Yes, and that's where I started - block_write_full_page and so
I ended up with this first:

diff --git a/fs/xfs/xfs_aops.c b/fs/xfs/xfs_aops.c
index 2a316ad..a9d6afc 100644
--- a/fs/xfs/xfs_aops.c
+++ b/fs/xfs/xfs_aops.c
@@ -1057,8 +1073,24 @@ xfs_vm_writepage(
 	do {
 		int new_ioend = 0;
 
-		if (offset >= end_offset)
+		/*
+		 * If the buffer is fully beyond EOF, we need to mark it clean
+		 * otherwise we'll leave stale dirty buffers in memory.

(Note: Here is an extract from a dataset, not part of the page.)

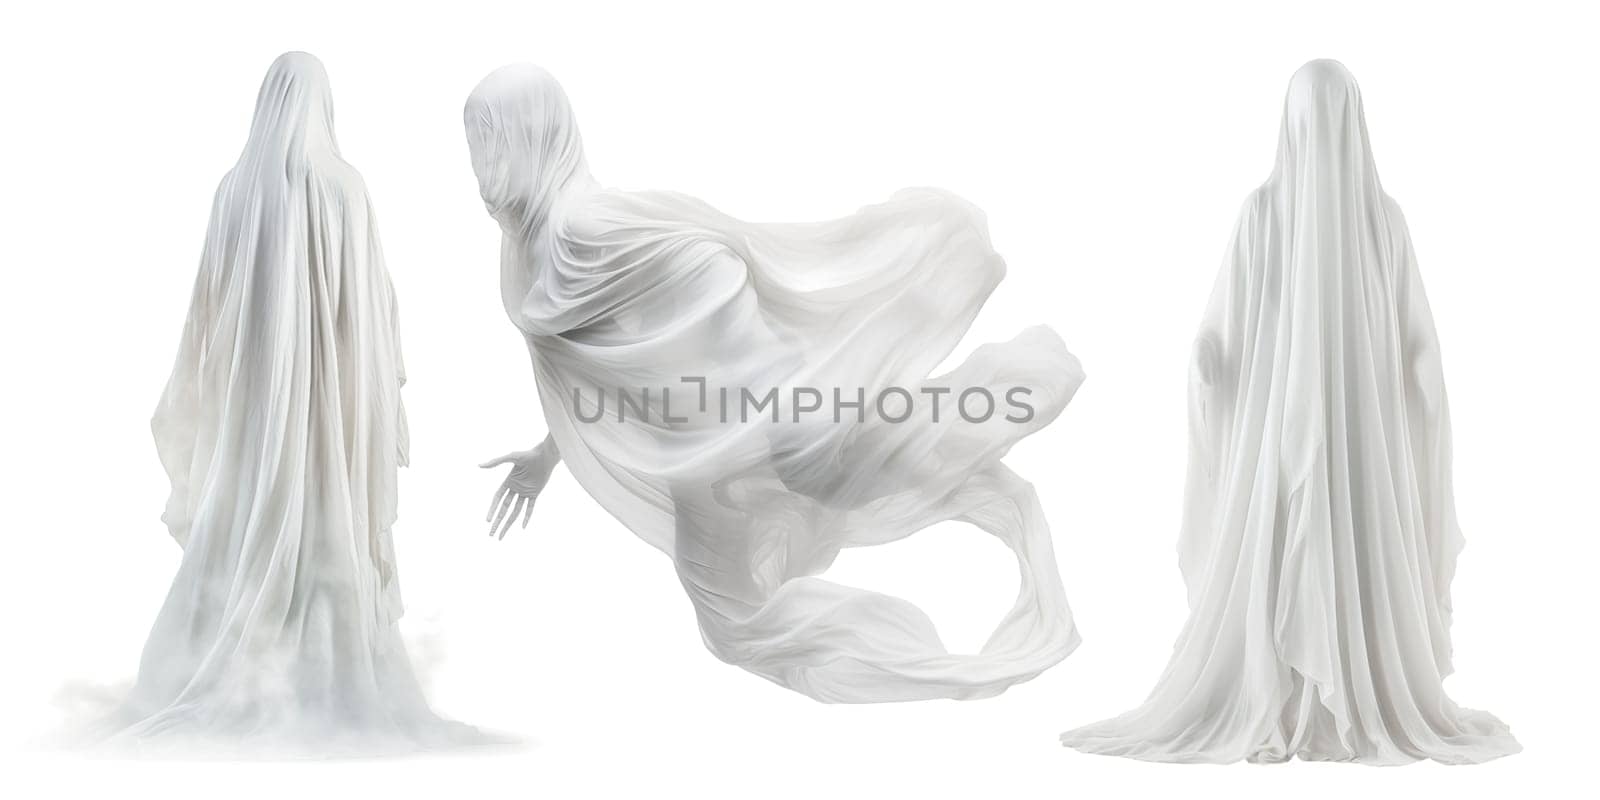 A set of ghosts flying in different directions cut out on a transparent background. A ghost on a transparent background in PNG format for inserting into a design or project

See the
+		 * comment above in the EOF handling about Charlie Foxtrots.
+		 */
+		if (offset >= end_offset) {
+			clear_buffer_dirty(bh);
+			ASSERT(!buffer_delay(bh));
+			ASSERT(!buffer_mapped(bh));
+
+			/*
+			 * Page is not uptodate until buffers under IO have been
+			 * fully processed.
+			 */
+			uptodate = 0;
+			continue;
-			break;
+		}
+
 		if (!buffer_uptodate(bh))
 			uptodate = 0;
 

But this doesn't solve the invalidation failures - it merely covers
up a symptom of the underlying problem. i.e. fsx went from
failing invalidate on the EOF page at operation #1192 to failing
invalidate on the EOF page at operation #9378.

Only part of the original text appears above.